= Solitary birth =

Giving birth by yourself

Solitary birth is the relatively unusual circumstance of human women delivering babies alone. Solitary birth is typically unplanned and thus is distinct from the unassisted birth movement.

Carla Emery provided guidelines for solitary delivery of "wilderness babies" in her Encyclopedia of Country Living. Key directives from the section "Giving Birth by Yourself" included don't yank on the umbilical cord and do clear mucus from the baby's nose and mouth. Many inadvertent born before arrival (BBA) outside-of-hospital deliveries in automobiles are de facto solitary births. These deliveries tend to be second or third or higher-order births.

Solitary birth is a cultural practice of the !Kung people; solitary birth amongst the !Kung demonstrates female bravery. In practice, primigravidas are usually assisted by female relatives but multigravidas typically manage the entire birth process alone (and silently) in the bush. Bariba women in Benin have also traditionally practiced solitary birth. The Rarámuri people of northern Mexico have been the focus of public health efforts to decrease maternal mortality by encouraging the use of birth attendants.

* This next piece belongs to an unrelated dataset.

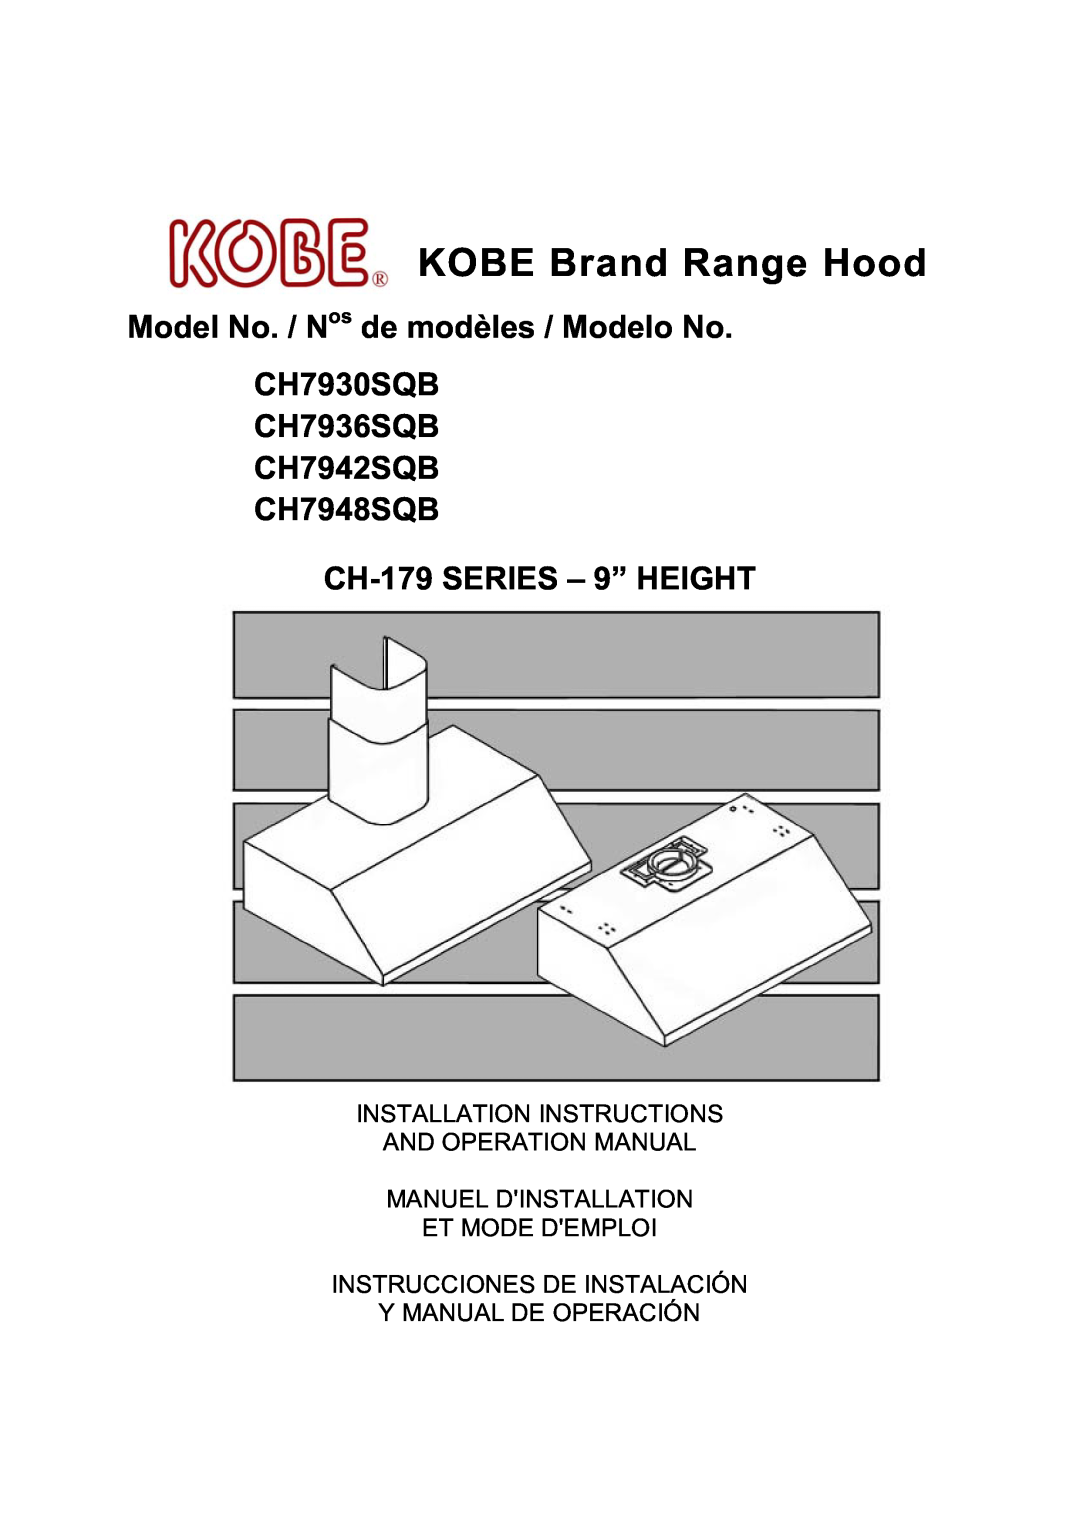 Kobe Range Hoods CH7942SQB installation instructions Installation Instructions And Operation Manual, Y Manual De Operación

The common use of midwives or birth assistants in human culture is thought to date to the "pelvic reorientation associated with bipedalism" and was reinforced by the "encephalization seen in the genus Homo." Humans may have evolved obligate midwifery as a cultural adjunct to childbirth due to the occiput anterior position of newborns emerging from the vagina, because human newborns are particularly altricial, and for social-emotional reasons. However a 2018 observational study found that bonobos exhibit "midwifery" behaviors as well and postulated that the practice was related to a primate-level "capacity of unrelated females to form strong social bonds and cooperate."